Non-linear dimensionality reduction methods have been shown to be very powerful as they preserve the locality of the data from higher to lower dimensions. UMAP is one of the most commonly-used non-linear dimensionality reduction technique, and has been shown to perform well on large-scale scRNA-seq data. However, for dimensionality reduction, UMAP is not as efficient as MLLE on high-dimensional cytometry, especially when combined with clustering to enhancing the visualization of the clustering results. This behavior of MLLE has been observed in our experiments. A comparative analysis with UMAP in the Supplementary Material, Supplementary Fig. S4, confirms this observation.

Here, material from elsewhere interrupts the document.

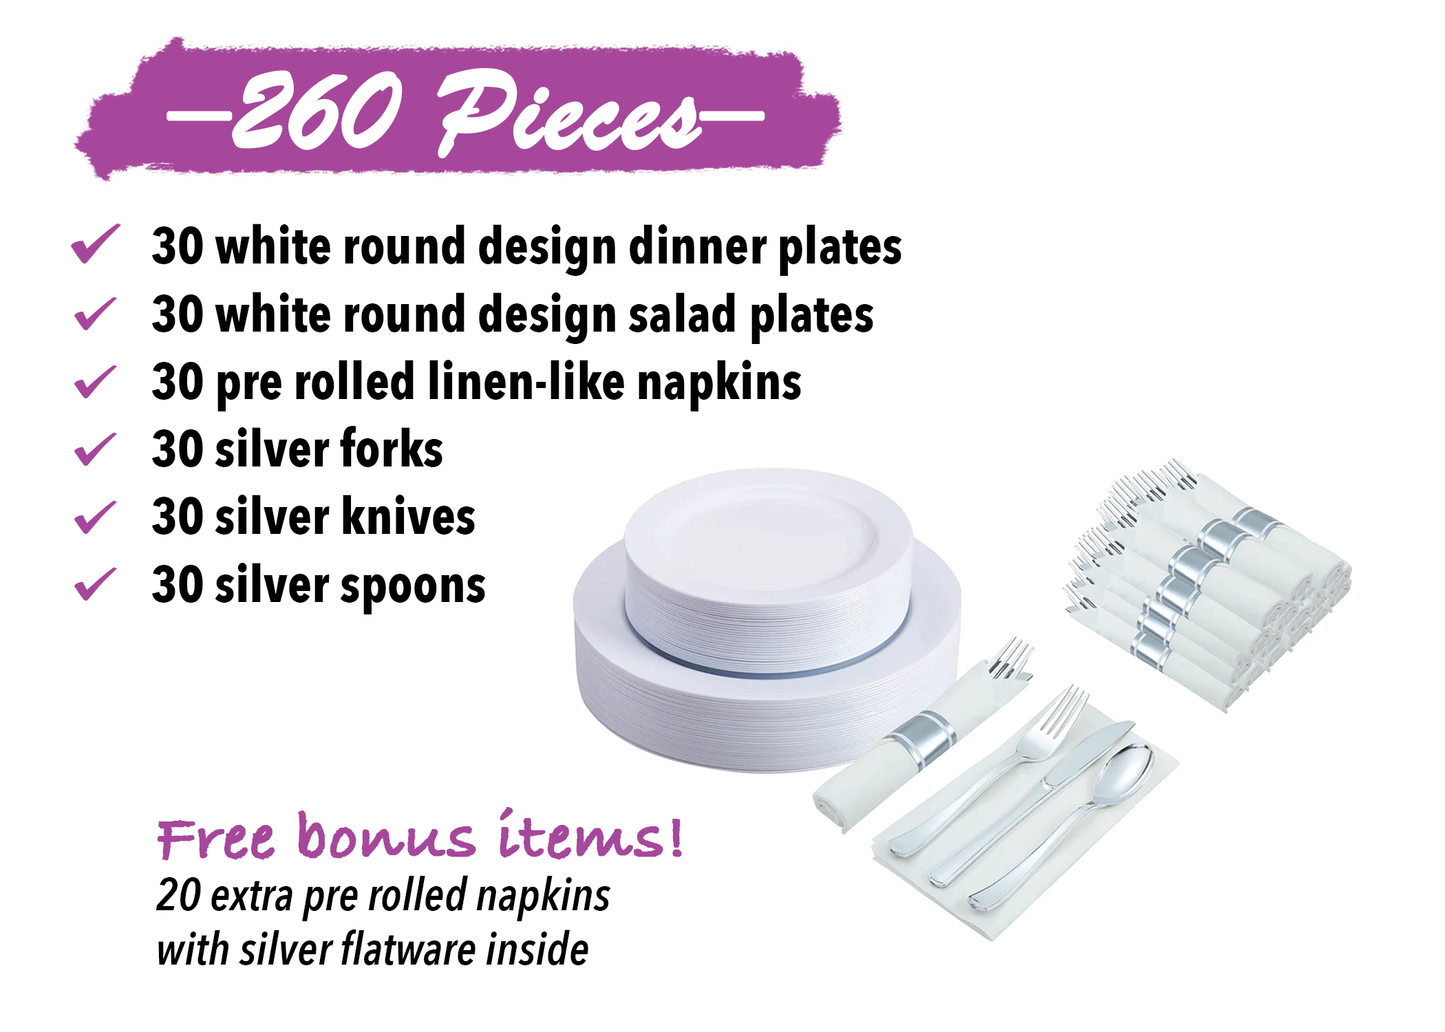 Why do people like disposable plates and cups? Promotion Choice

Moreover, performing ICA on transformed data after applying manifold learning techniques provides enhanced view of the data in a reduced space. Evaluating the incidence of ICA as a visualization scheme and further reduction step, after applying MLLE, shows better clustering and enhanced visualization simultaneously. This trend leads to a research avenue that involves a combination of non-linear manifold learning techniques followed by linear methods, which has shown to be more powerful than conventional methods such as PCA or ICA applied alone.

Using multiple benchmark datasets shows the effectiveness of our proposed method. Performing gene set enrichment analysis to annotate a set of HVGs obtained from each cluster reveals biomarker genes involved in different gene ontology terms.

There are some other potential applications for investigating scRNA-seq data, even beyond cell type identification. Using an extension of the proposed method by employing other manifold or deep learning techniques on the other epigenetic challenges in scRNA-seq data analysis, such as trajectory analysis, is our next step.